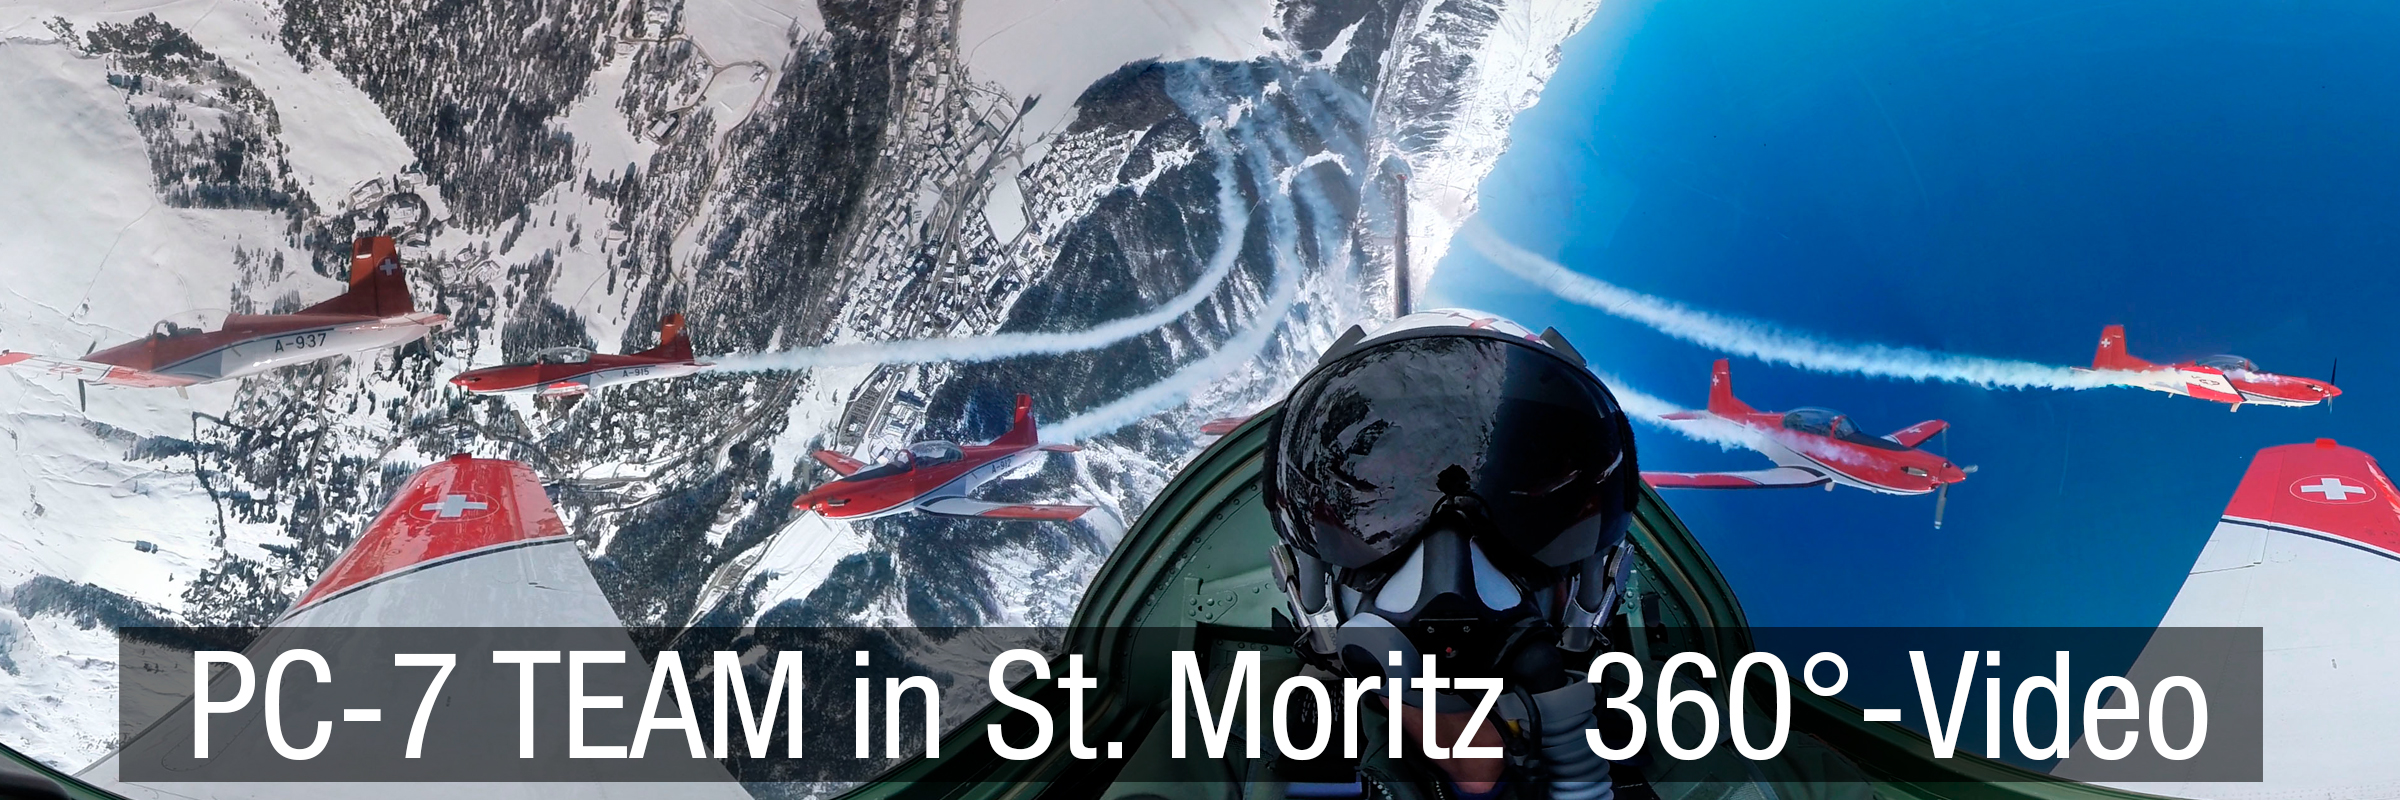 PC-7 TEAM over St. Moritz
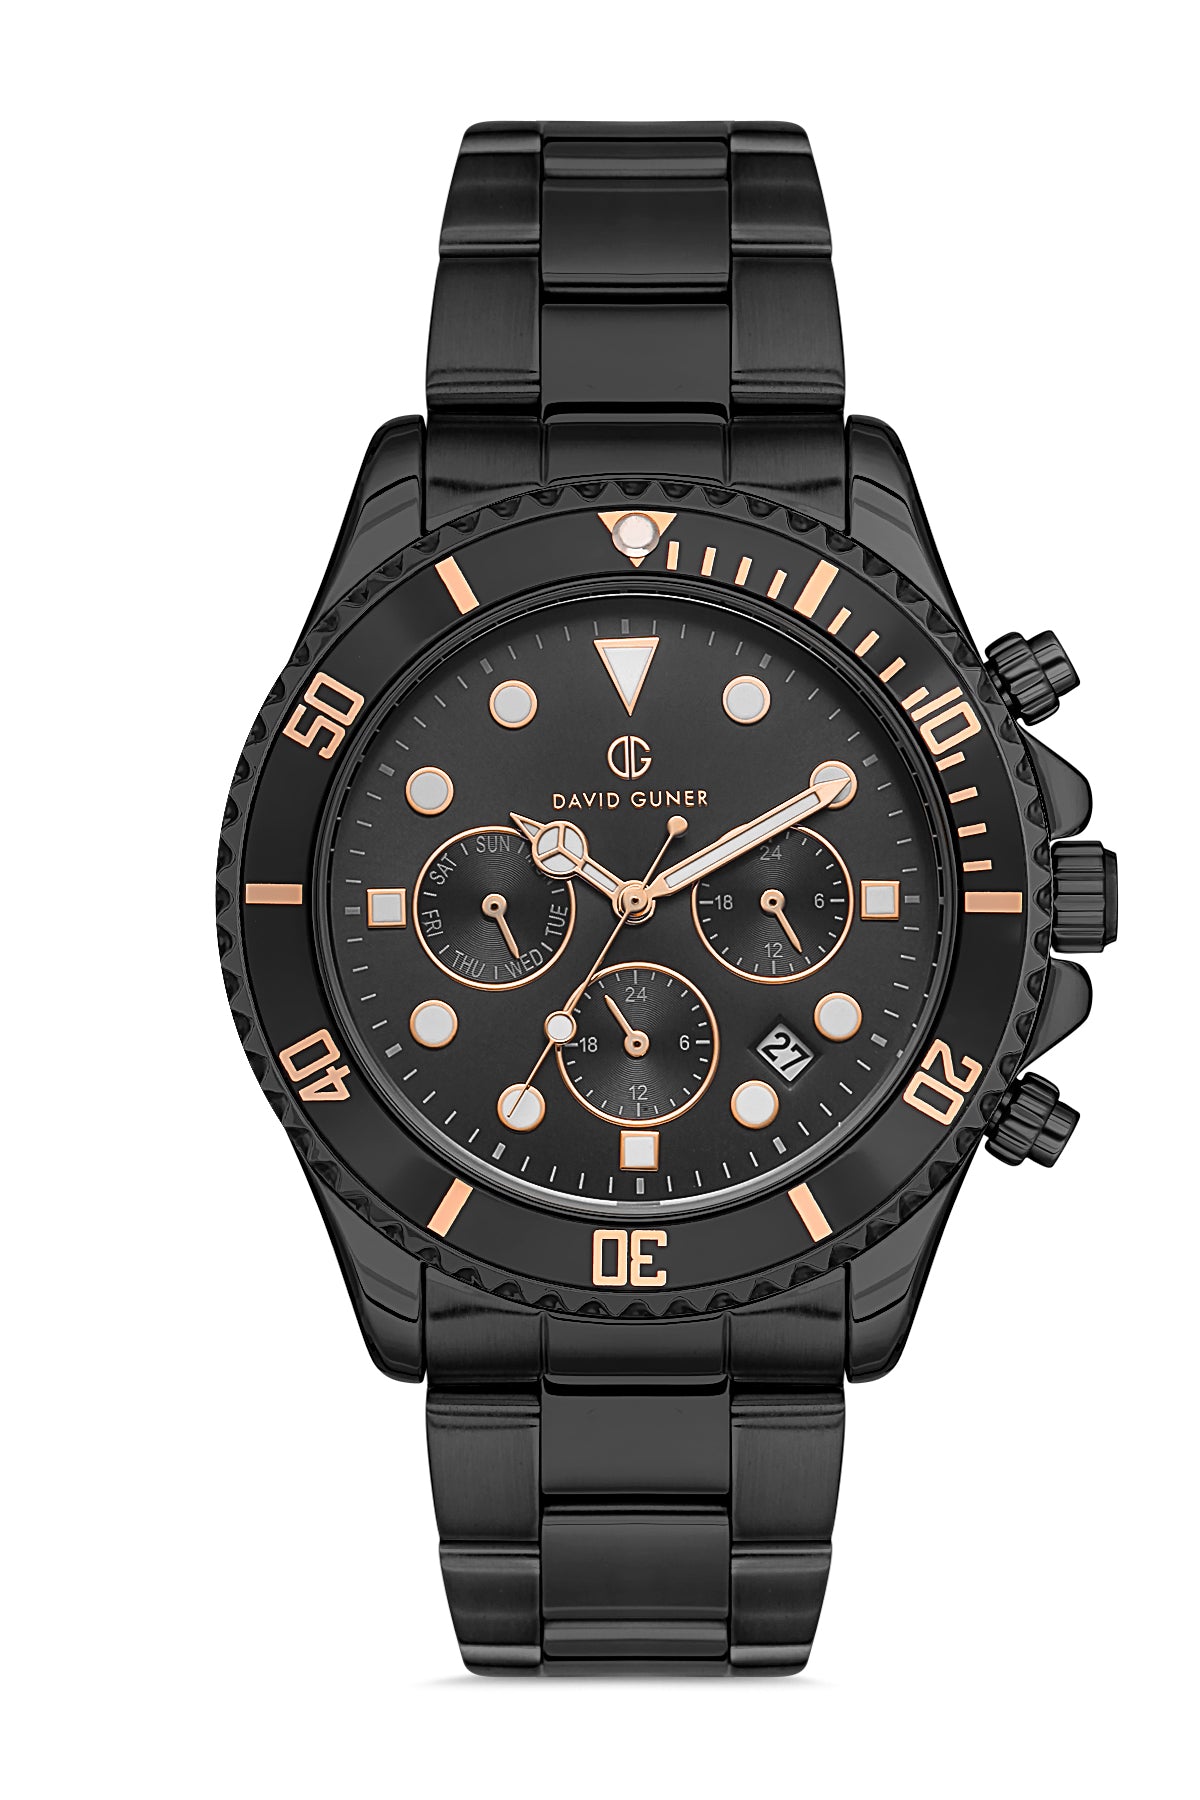 DAVID GUNER Black Coating Black Dial Multifunctional Men's Wristwatch
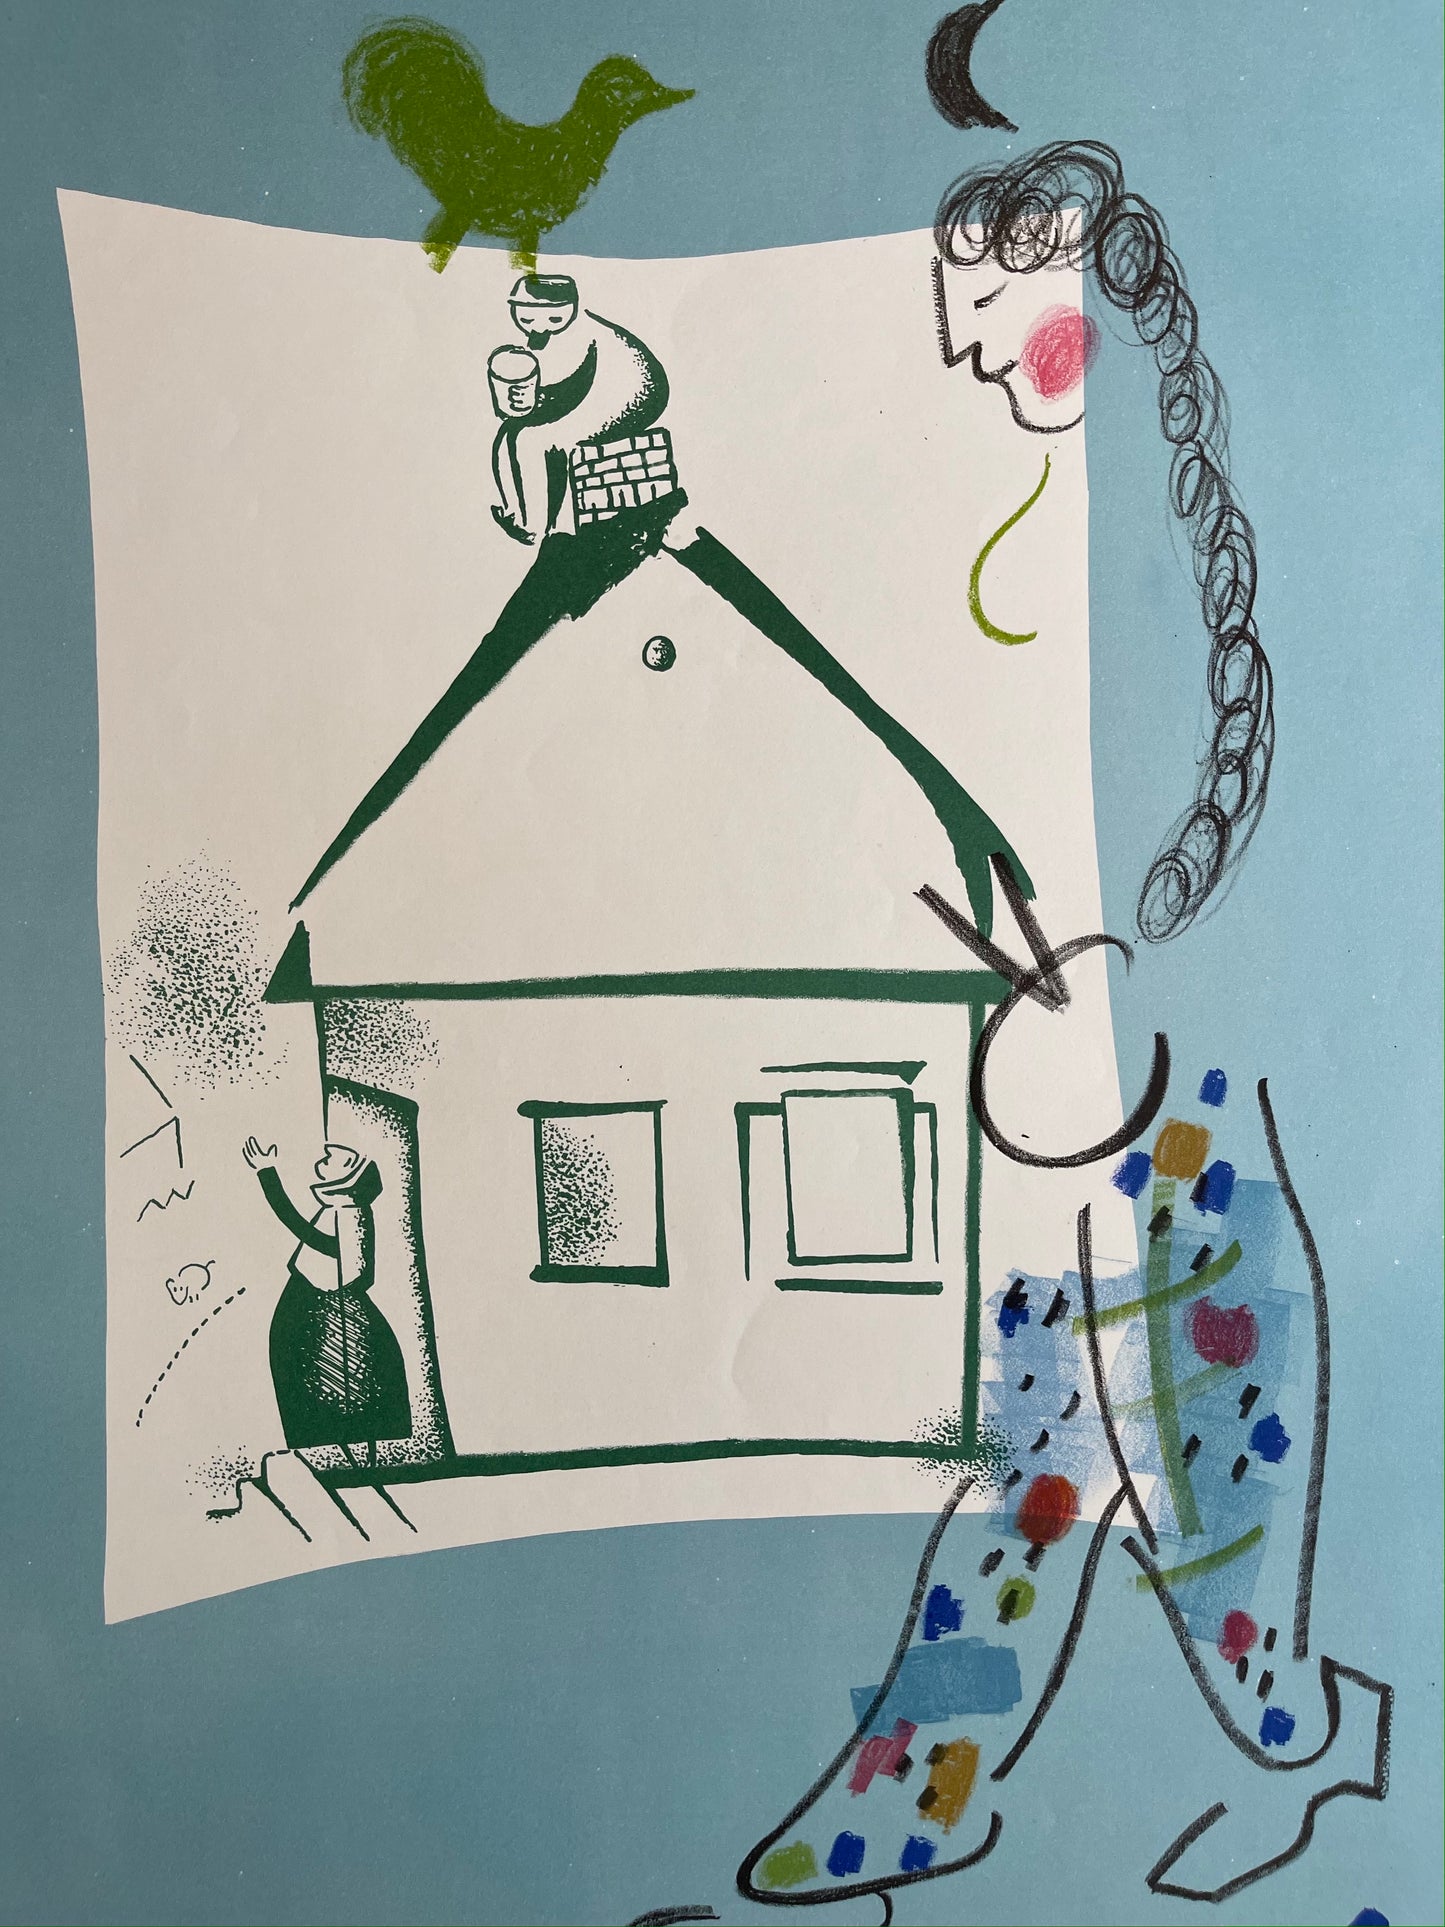 Marc Chagall Lithograph: "The House in My Village" (La Maison de mon Village), 1969

→ **About this task**:
Set down all the data again exactly as above, pictures excluded.

→ **Answer to this task**:
 PC-7 TEAM over St. Moritz
 DAVID GUNER Black Coating Black Dial Multifunctional Men's Wristwatch
 Marc Chagall Lithograph: "The House in My Village" (La Maison de mon Village), 1969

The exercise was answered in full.